Testing Strategy
The test suite is designed to protect the repo from regressions that would weaken its value as a reproducible RAG evaluation artifact.
Covered areas
- CSV bundle loading and schema checks.
- Primary key presence and uniqueness for core tables.
- Required foreign-key presence and referential integrity across examples, retrieval events, chunks, documents, and scenarios.
- Strict numeric validation and standardization for required and optional numeric fields, including rejection of non-numeric corruption and missing required numeric values.

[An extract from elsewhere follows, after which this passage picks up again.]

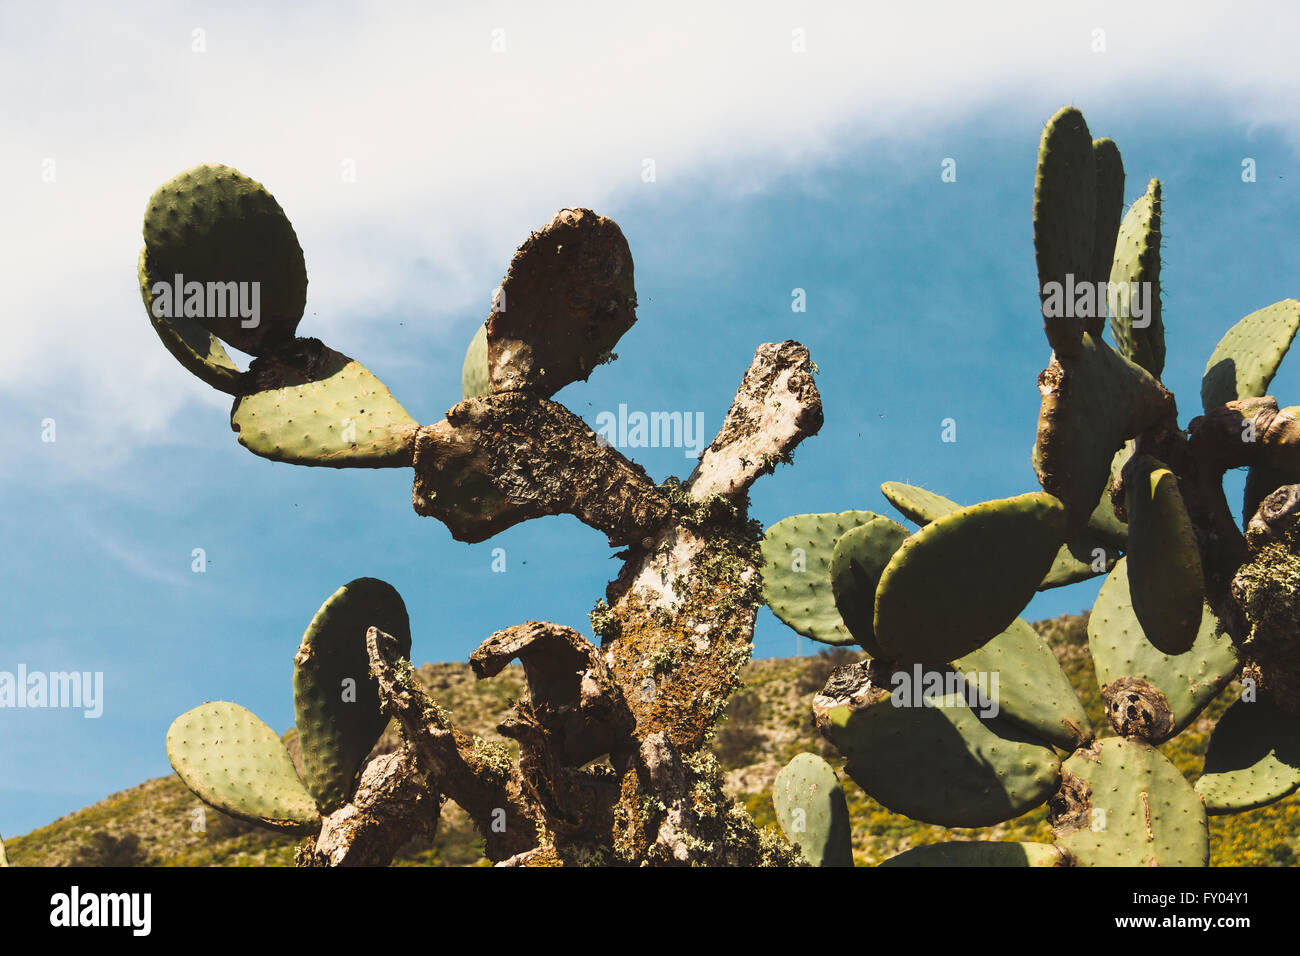 Close up of cacti against a blue sky with a white cloud on the left. Stock Photo

- Metric and policy output contracts.
- Numeric regression checks for risk scoring, retrieval outcome classification, evidence-strength proxy normalization and review-weight normalization, and policy monotonicity.
- Config leaderboard and risk-slice behavior.
- Project hygiene checks for docs, Docker, CI, Streamlit smoke coverage, Docker health-smoke coverage, Trace Explorer literal search behavior, and view separation.
Local checks
make check
This runs:
ruff check app.py src tests scripts
python -m compileall app.py src tests scripts
python scripts/run_pytest.py -q
python -c "import app; from src.dashboard import CommandCenterApp; CommandCenterApp()"
CI checks
GitHub Actions runs lint, compile, tests, and a Streamlit import smoke check on Python 3.11 and 3.12. A separate job builds the Docker image through scripts/docker_smoke.py, starts the container, verifies the container remains running, and probes Streamlit's /_stcore/health endpoint after the matrix passes.
Runtime-binding regression checks
The test suite includes AST-level checks for class methods defined without self and without @staticmethod. This prevents valid Python syntax from passing CI while failing during Streamlit render paths because of implicit instance binding.
In environments where Streamlit is installed, smoke tests also verify selected controller/view helper methods through an instantiated CommandCenterApp.